The session joins efforts within the environmental humanities and social sciences that challenge the prevailing nature–culture dichotomy by asking how more-than-human communities might coexist in creative, reciprocal, and regenerative ways. Rather than relying solely on techno-scientific solutions, we are interested in how alternative ontologies, conceptualisations, and embodied practices may help repair weakened relations between ecosystems and human sociocultural worlds. This prompts the question: what would it mean for tourism to “walk differently”?

Across the Nordic region, climate walks, ecological pilgrimages, and slow mobility initiatives are emerging as embodied responses to ecological concern and responsibility. Such practices are broadening our understanding of tourism and outdoor recreation amid the ecological crisis. Rather than focusing on what walking produces (well-being, economic value, resilience), this session explores how walking might shape relations between people, species, temporalities, places, research practices, and lived worlds.

We invite participants to contribute a short proposal for a walking-based intervention to be enacted outdoors (10-15 minutes).
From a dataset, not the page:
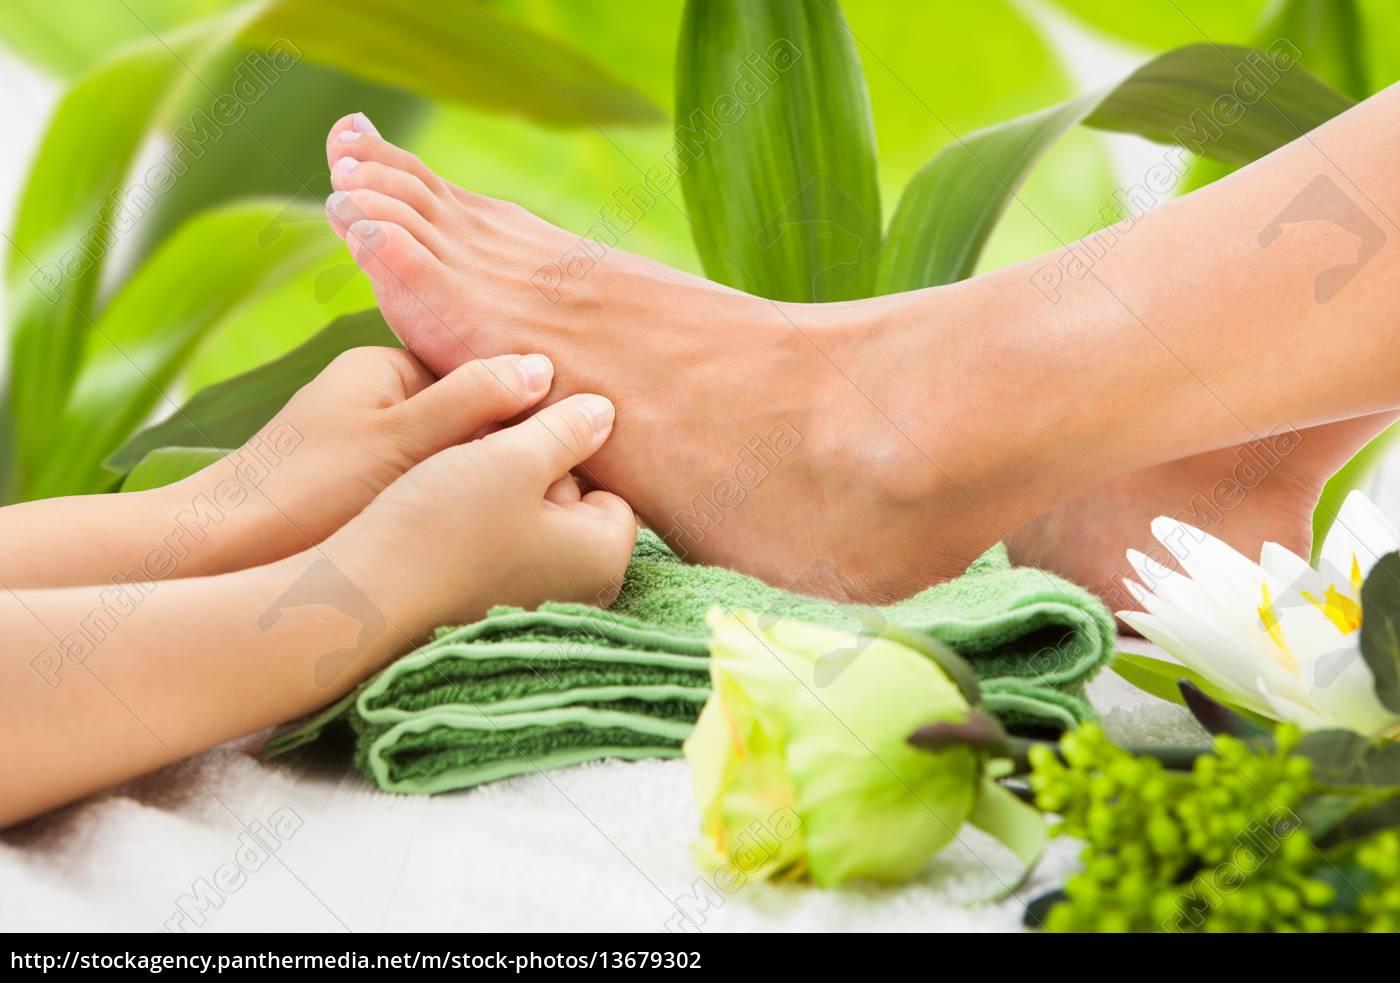 woman, feet, undergoing, massage - 13679302

Contributions should be experiential rather than paper presentations and may include micro-interventions, sensory exercise, embodied methods, site-responsive reading, concept or question to walk with, relational experiment, or other practice-based inquiry. In your proposal, please include a tentative title, a brief description of the proposed walking intervention, an outline of what participants will be invited to do, any spatial or material requirements, and a short reflection on how the contribution engages with more-than-human tourism futures.

We welcome unfinished ideas, experimental formats, and practice-based explorations. Accepted contributions will be woven into a collective walking itinerary across Öskjuhlíð, inviting symposium participants to join the session as co-walkers.